◆ **Aim of the task**: Could you retype the whole listing word for word and drop the images?

◆ **Provided data**:
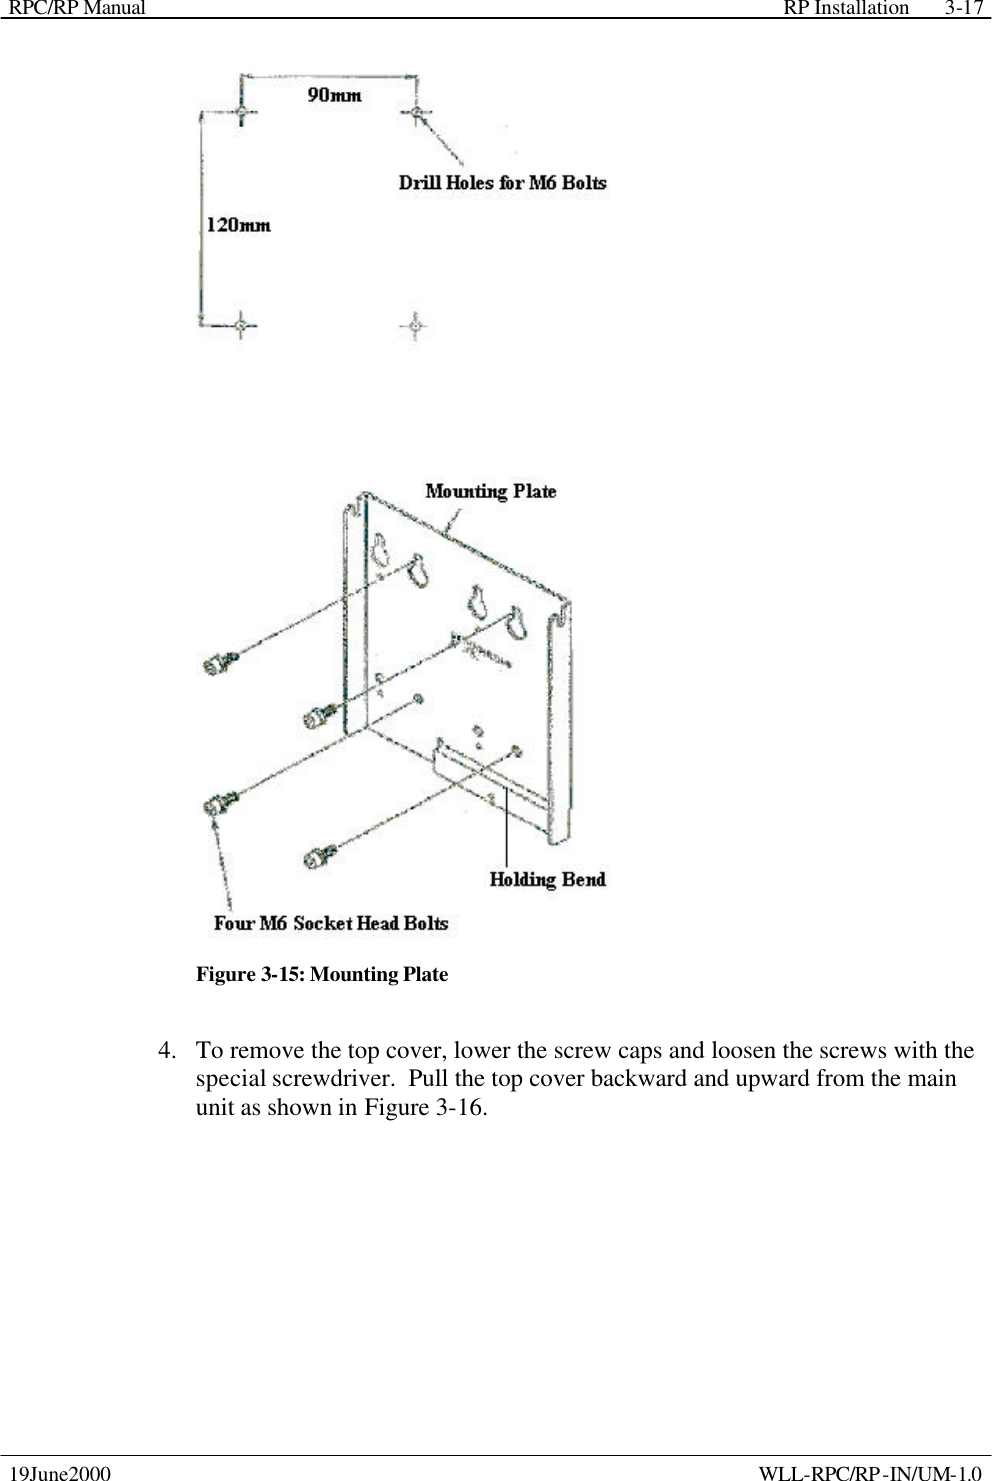 RPC/RP Manual    RP Installation  19June2000    WLL-RPC/RP-IN/UM-1.0 3-17 Figure 3-15: Mounting Plate 4.  To remove the top cover, lower the screw caps and loosen the screws with the special screwdriver.  Pull the top cover backward and upward from the main unit as shown in Figure 3-16. 
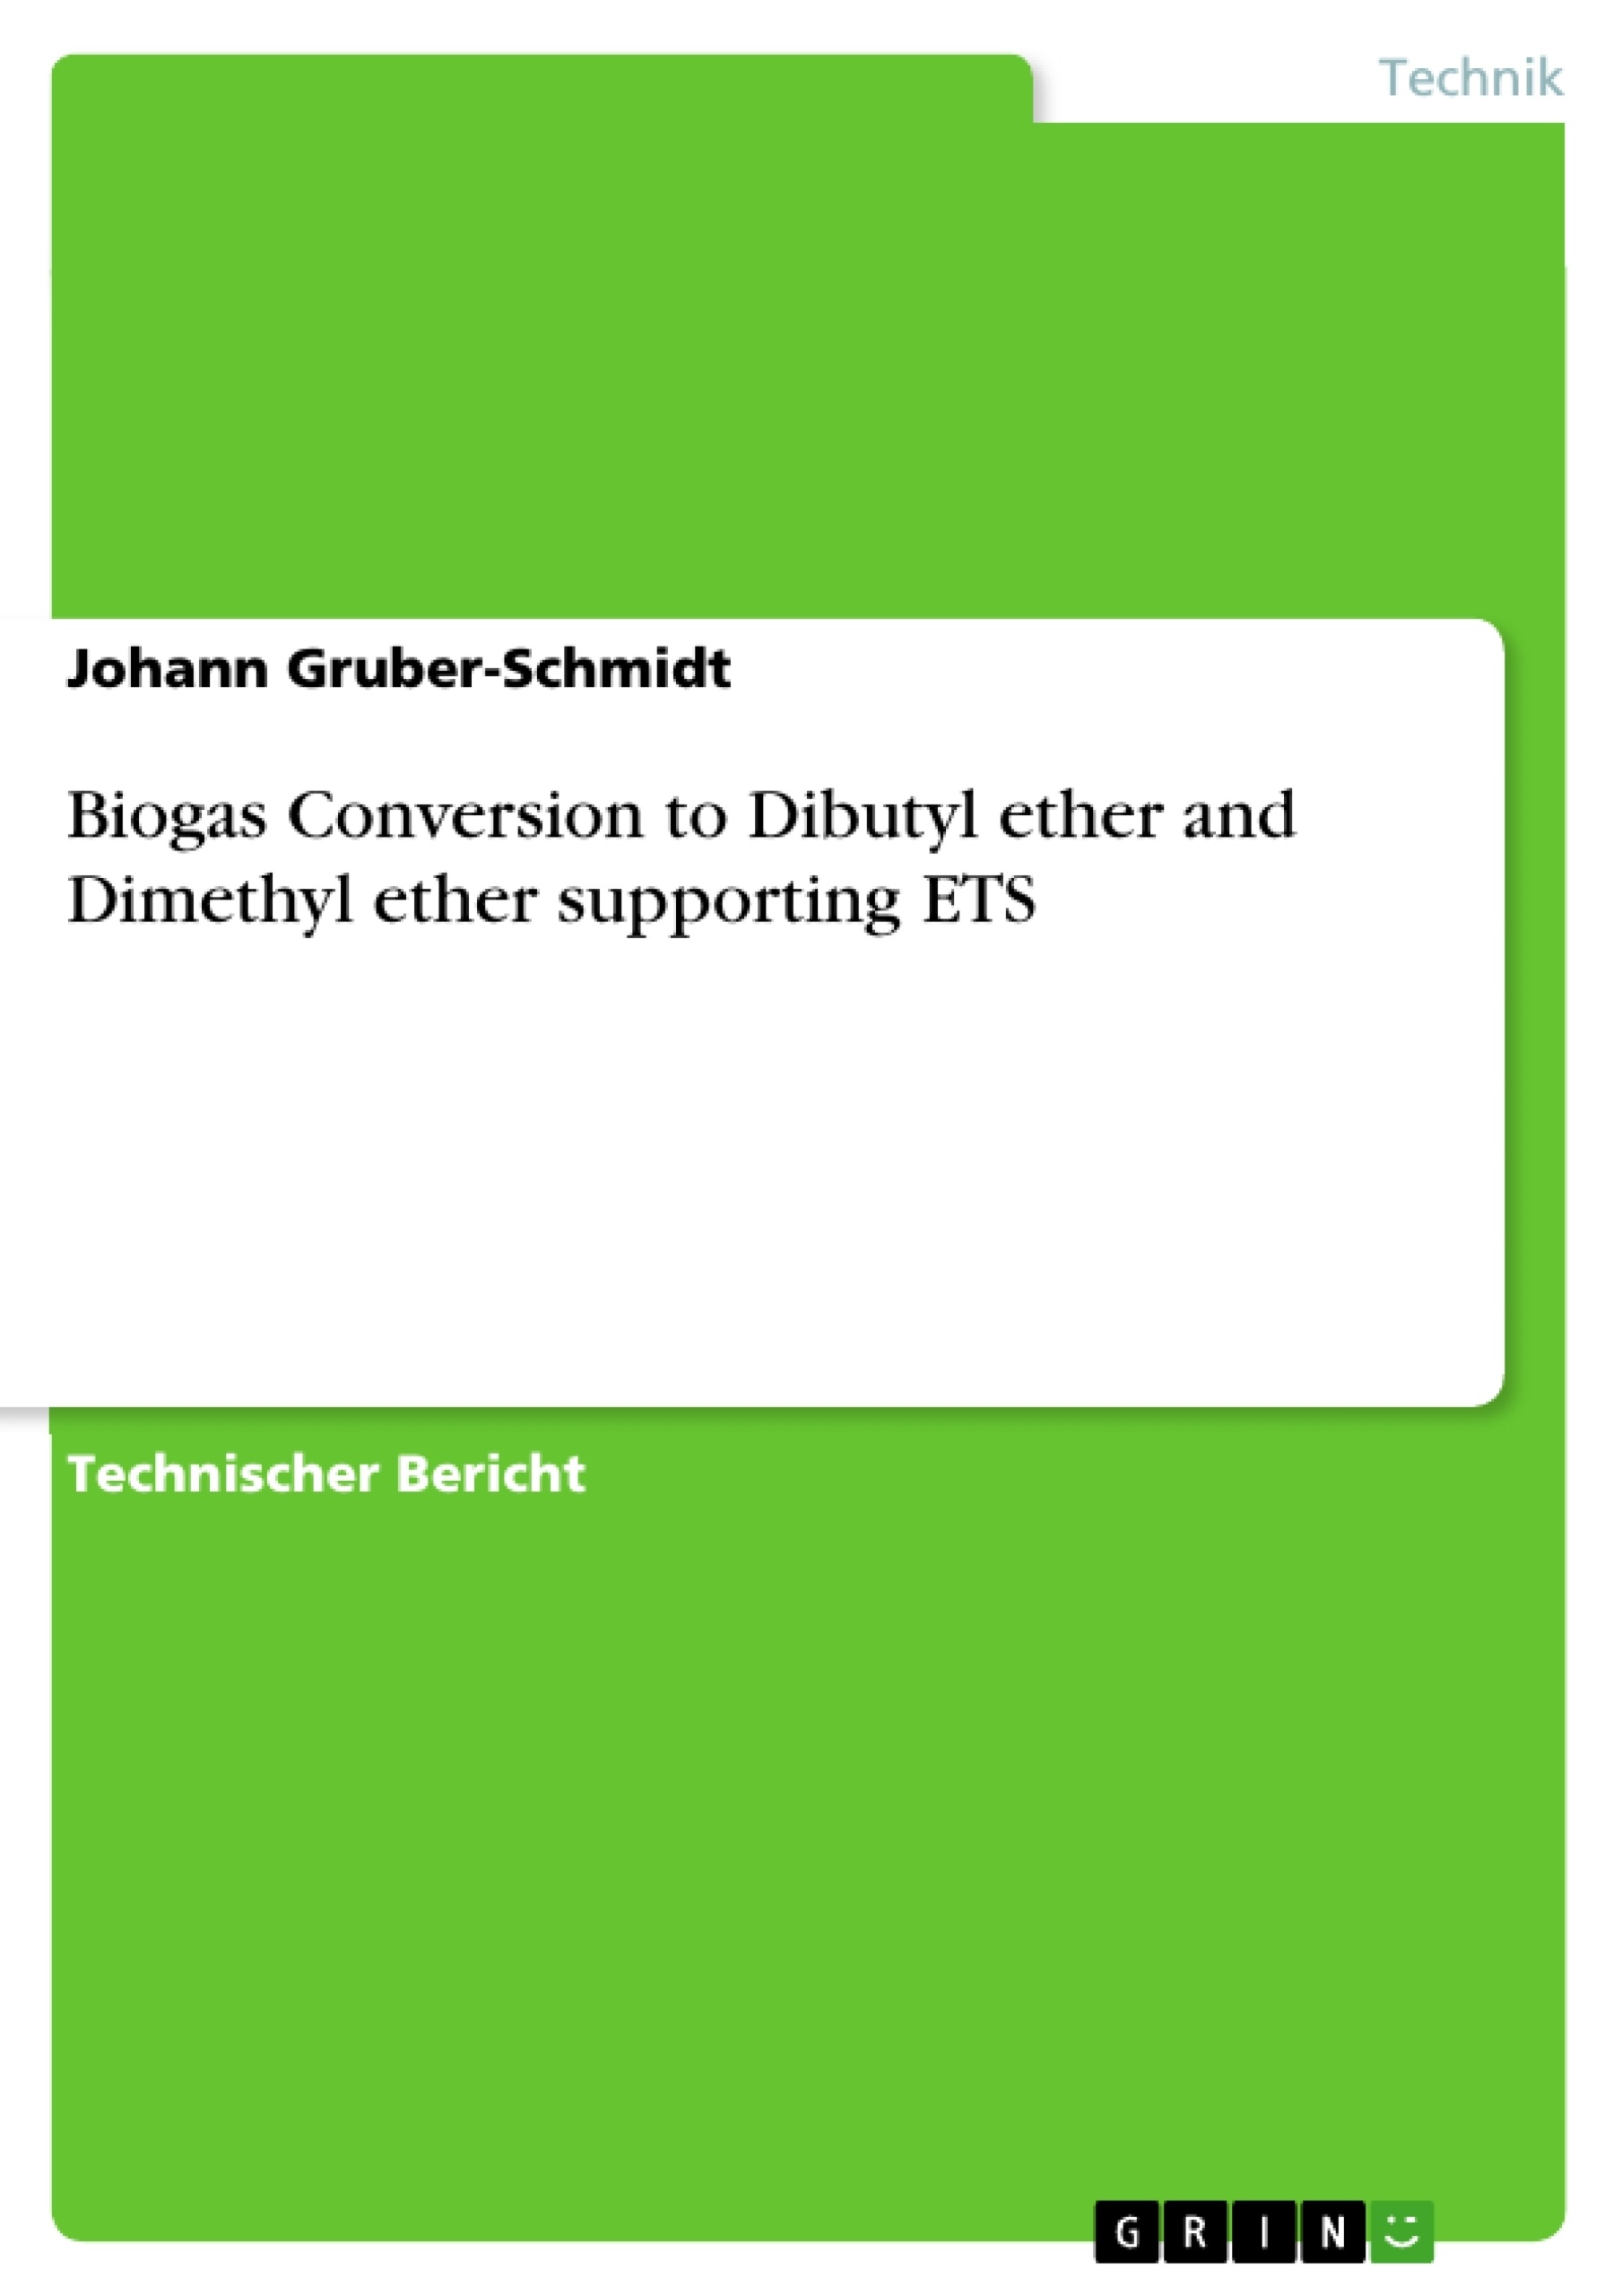 Titel: Biogas Conversion to Dibutyl ether and Dimethyl ether supporting ETS
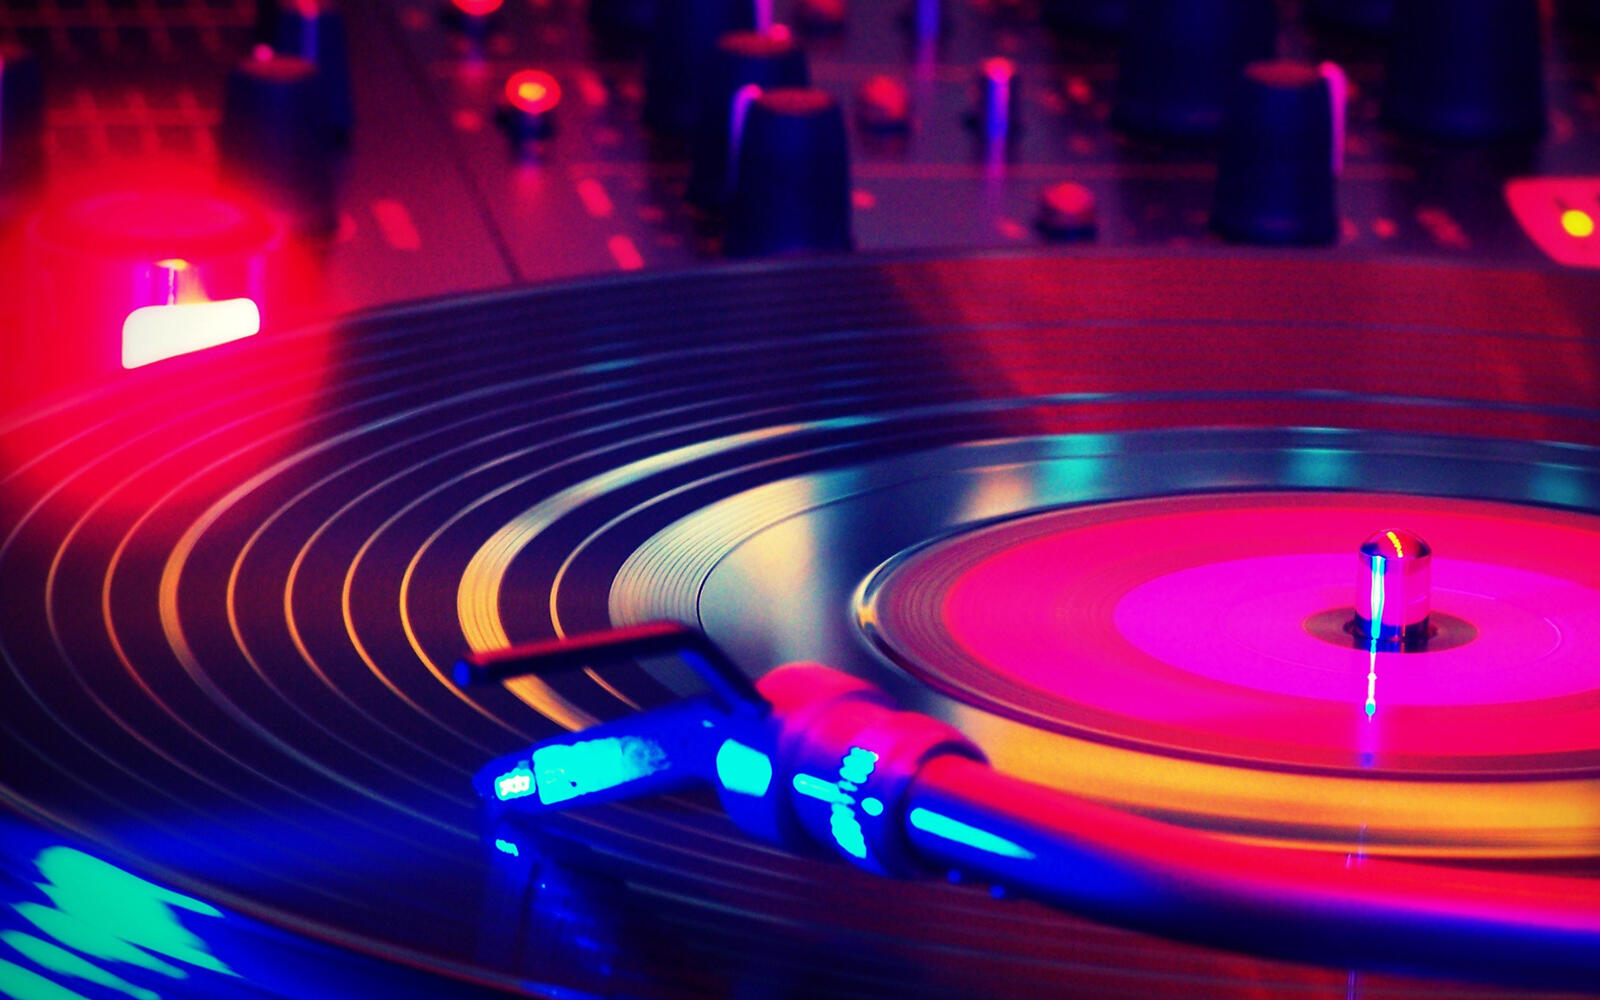 Wallpapers vinyl disc record player on the desktop

◆ **Answer space**:
 RPC/RP Manual    RP Installation  19June2000    WLL-RPC/RP-IN/UM-1.0 3-17 Figure 3-15: Mounting Plate 4.  To remove the top cover, lower the screw caps and loosen the screws with the special screwdriver.  Pull the top cover backward and upward from the main unit as shown in Figure 3-16. 
 Titel: Biogas Conversion to Dibutyl ether and Dimethyl ether supporting ETS
 Wallpapers vinyl disc record player on the desktop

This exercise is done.